Scientists at the University of York are part of a team of researchers which has gained fresh insights into how a disease-causing enzyme makes changes to proteins and how it can be stopped.

The scientists in York Structural Biology Laboratory (YSBL) in the University’s Department of Chemistry hope their findings will help them to design drugs that could target the enzyme, known as N-myristoyltransferase (NMT), and potentially lead to new treatments for cancer and inflammatory conditions.

Working with colleagues at Imperial College London, they have already identified a molecule that blocks NMT’s activity, and have identified specific protein substrates where this molecule has a potent impact.

NMT makes irreversible changes to proteins and is known to be involved in a range of diseases including cancer, epilepsy and Alzheimer’s disease.

In a study published in the journal Nature Communications the researchers used living human cancer cells to identify more than 100 proteins that NMT modifies, with almost all these proteins being identified for the first time in their natural environment.

The scientists mapped all the proteins and also established that a small drug-like molecule can block the activity of NMT as well as inhibiting its ability to modify each of these proteins, suggesting a potential new way to treat cancer.

Professor Tony Wilkinson, of YSBL, said: “This is a wonderful example of the power of chemical biology - using chemistry to unravel biological problems and open up new avenues to therapy in human disease.”
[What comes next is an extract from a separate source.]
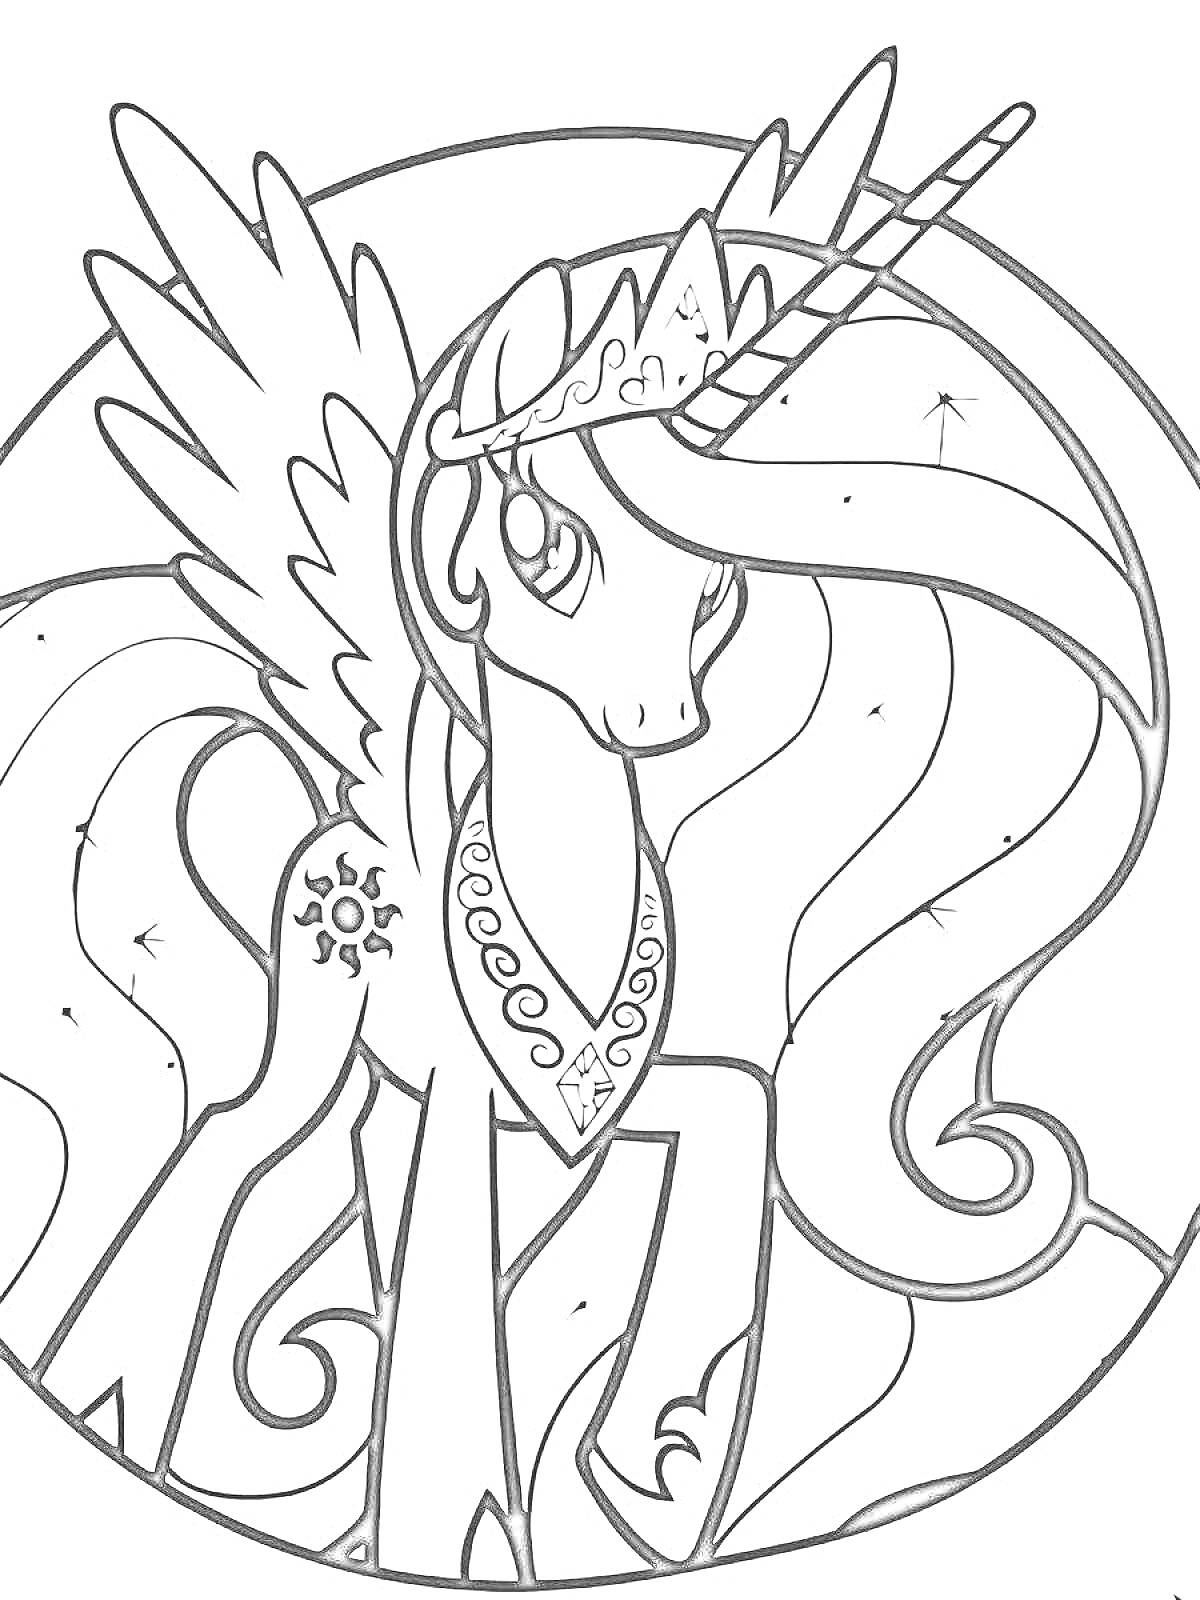 Принцесса Селестия с большим крыльями и рогом, корона на голове, кьюти-марка в виде солнца, длинная волнистая грива, ожерелье и браслеты на ногах
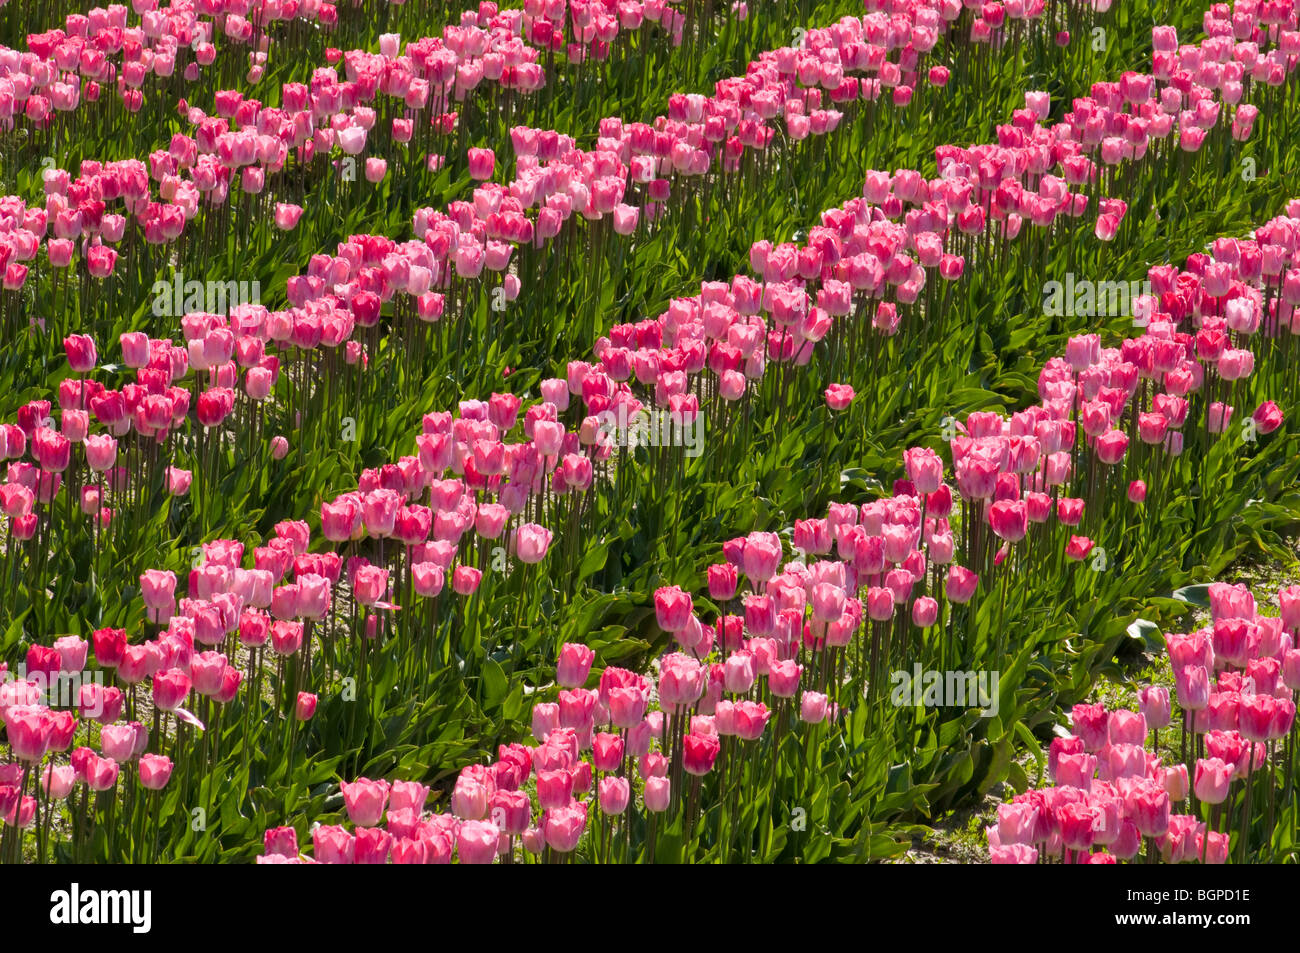 Tulips at Roozengaarde tulip fields, Skagit Valley, Washington. Stock Photo

The researchers spent several years developing a specialised set of tools to identify and examine NMT and the proteins it changes. They began by conducting a detailed large scale study exploring proteins under the control of NMT, but the scientists still needed information on the function of these proteins and how they are modified.

Next they used mass spectrometry to quantify the effect of a NMT inhibitor molecule. To examine this interaction, they induced a process called apoptosis, which programmes a cell to die - for example because its DNA has been damaged. This process is essential in cancer chemotherapy, and is often deactivated in drug resistant cancers. Until now scientists knew that NMT modified only a handful of proteins during apoptosis, but the results of this study identified many new proteins affected by NMT, suggesting new ways to combat drug resistance.

Professor Ed Tate, of the Department of Chemistry at Imperial who led the study, added: “On the back of these results we are looking to test a drug that will have the most potent impact on blocking NMT’s ability to modify proteins, and we have started working with collaborators at the Institute of Cancer Research and elsewhere on some very promising therapeutic areas. We are still at an early stage in our research but we have already identified several very potent drug-like NMT inhibitors that are active in animal disease models, and we hope to move towards clinical trials over the next five to ten years.”

The research was funded primarily by Cancer Research UK and the Biotechnology & Biological Sciences Research Council, with further support from the Medical Research Council, the Engineering and Physical Sciences Research Council, and the European Union.